Women is...: Elizabeth Downing, Scientist & Futurist

Elizabeth Downing, Scientist & Futurist

profession: Founder/CEO of 3D Technology Labs. From her Mountain View, Calif., basement lab, she's striving to be the first to create a product that would allow the viewing of true, moving 3D images for such applications as medical imaging (MRI), radar (air traffic control) and, eventually, entertainment.

born: Feb. 17, 1962 in Columbus, Ohio.

education: B.S., Mechanical Engineering, Carnegie Mellon; M.S. and Ph.D., Mechanical Engineering, Stanford.
claim to fame: Downing's been able to produce true 3D images within a one-inch glass cube. Her moving, transparent images exist in the three dimensional space defined by the cube. Unlike with TV or computer screens, people can walk around the cube and view the images from all sides.

how she did it: She hit upon the idea in 1988: use the energy from crossing invisible laser beams to "light up" atoms within a volume of material. It took five years of research on her own time -- experimenting, scrounging for equipment and funding, while working for local high-tech companies and studying for her doctorate -- before she created her first red volumetric pixel, or "voxel," a light point in 3D space.

how it's done: Multiple infrared lasers sweep through a glass cube specially treated with rare earth ions, which are excited by absorbing the laser energy. When the ions return to their unexcited state, they give off light, a voxel. Voxels are redrawn in red, green and blue from 30 to 60 times a second, resulting in a clear image to the viewer.

hurdles: In the 1970s, scientists had similar ideas. But the technology of the time couldn't support the 3D vision, and work was stopped. Downing's images, like her unicorn are monochromatic and transparent. 3D imaging still requires incredible computer processing, so technology has to catch up with the idea.

her kudos: Industry Week Magazine -- 25 Technologies of the Year (1996). Discover Magazine Award for Technical Innovation -- Sight category finalist (1997).
her family: "When I was a kid, I had a grandmother who had four sisters, plus a mother and an aunt who were always encouraging me, and I developed a natural curiosity and creativity."

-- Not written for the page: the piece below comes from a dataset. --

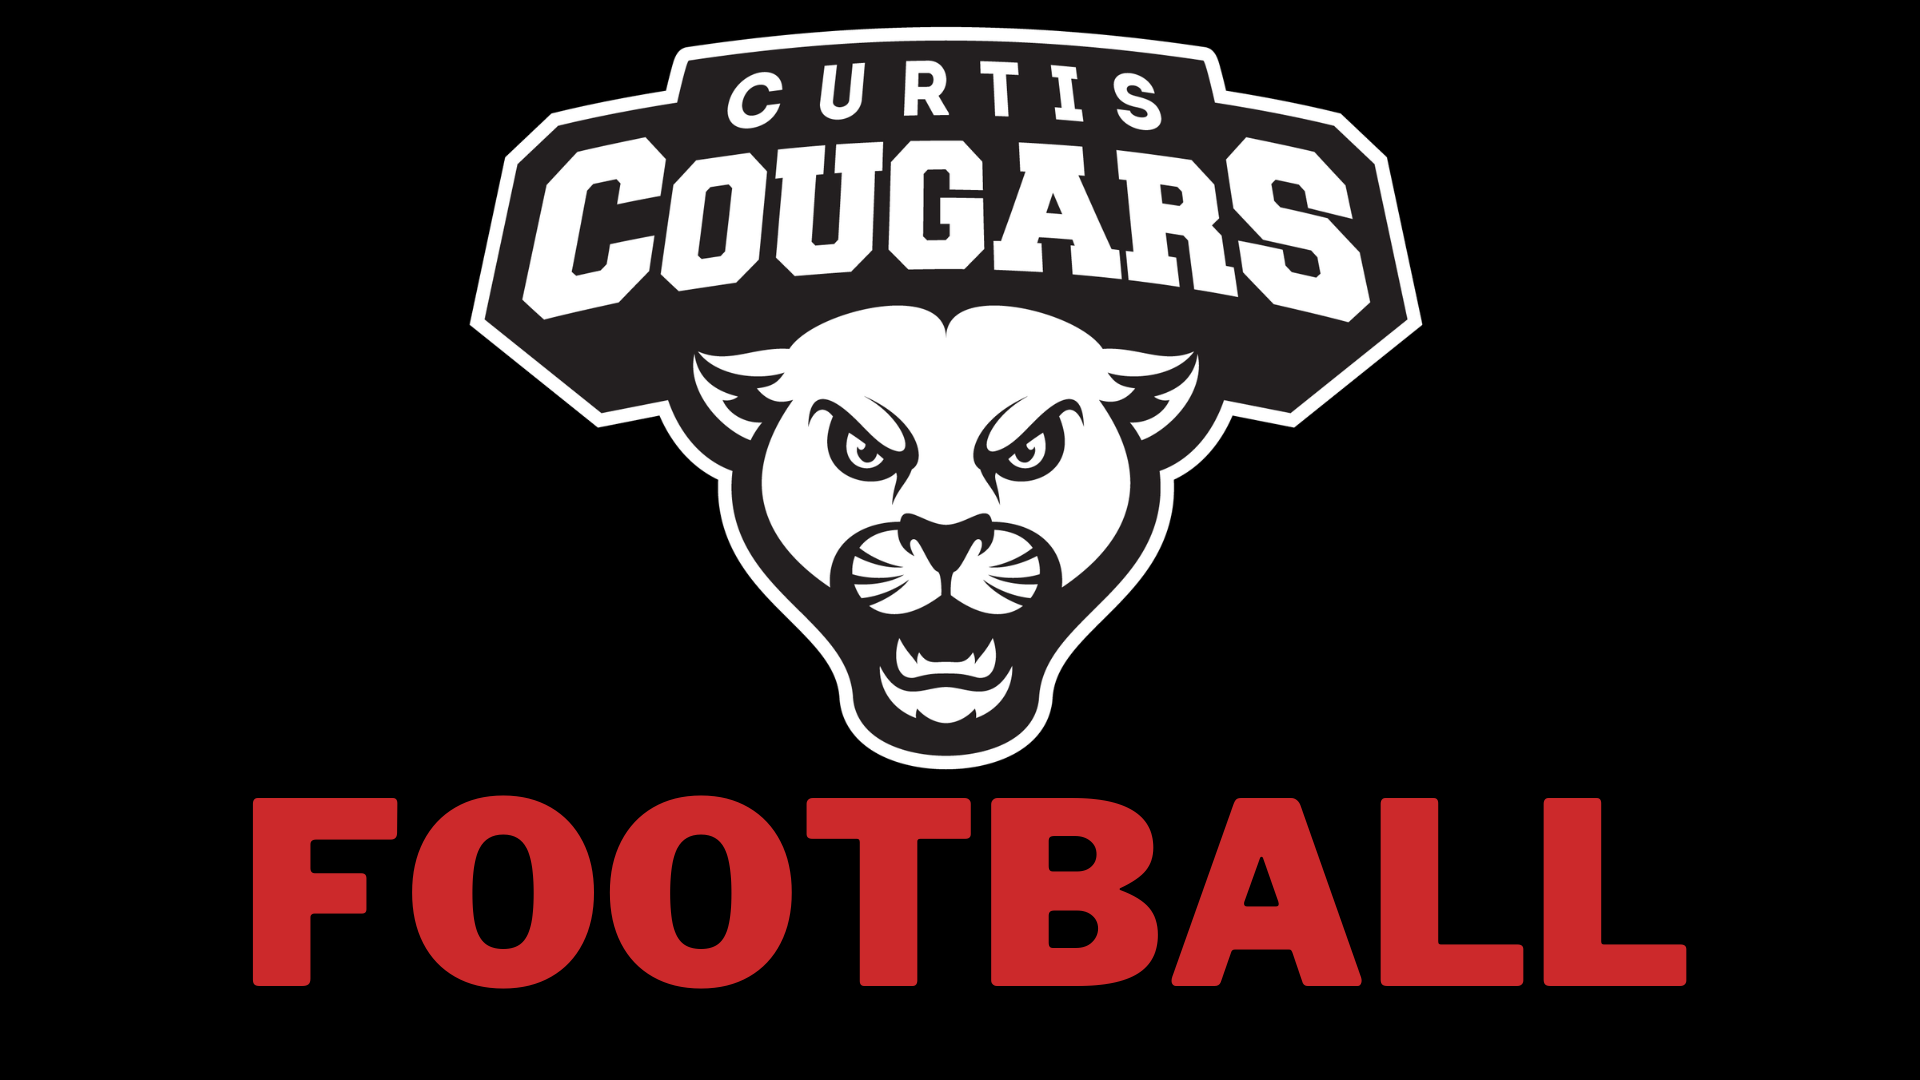 Curtis Cougars Football

on being a tech whiz: "My dad is a doctor, but he could build anything, wire anything. He raced cars when I was in junior high, and I helped him on the pit crew. Today, I do all the work on my boyfriend's Honda and my own wreck."

on Legos vs. dolls: "Society does strange things to girls. As a child, I went to day care because my parents worked. The little boys played with Tinker Toys and all the cool stuff. Girls had to play with dolls and toy plates. I hated it. I used to sneak away to play with the Lincoln Logs and Legos. Every day I thought I'd be caught and get in big trouble for playing with the boys' toys. Society encourages boys to be creative, to build and to think. Things are changing, slowly."

personal role models: "My parents taught my two brothers and me that you have to go out and do your own thing. Happiness comes from within, not from someone else -- like a husband."

professional role model: "Roger Macfarlane is a world reknowned physicist at IBM's Almaden Research Center. I called him up out of the blue -- I know Stanford students who would give their right arm to work with him -- and for whatever reason, he liked this project. He's given me samples, helped me with the physics and he's come into the lab to do experiments. Roger basically supervised my thesis. My own professor didn't do this stuff. By helping me, lending his worldwide reputation to this technology, Roger gave me strength that I don't think I would have had myself."
favorite quote: "Failure is simply a reason to strengthen resolve." -- Winston Churchill

on wheeling & dealing: "Everybody wants something. I will always trade. I make everyone a winner when they join my team. I go after people who have expertise, equipment, knowledge that I need -- that this technology needs."

on learning and looking to the future: "A lot of things I learn the hard way. I put out fires every day. I also do a lot of thinking ahead -- looking at what is coming, and preparing for it. I give talks at universities and companies to see what customers want. This technology has gone beyond my skill set, but I know what has to be done. I need good scientists, a good CEO and more funding. Every single day, I make a little bit of progress."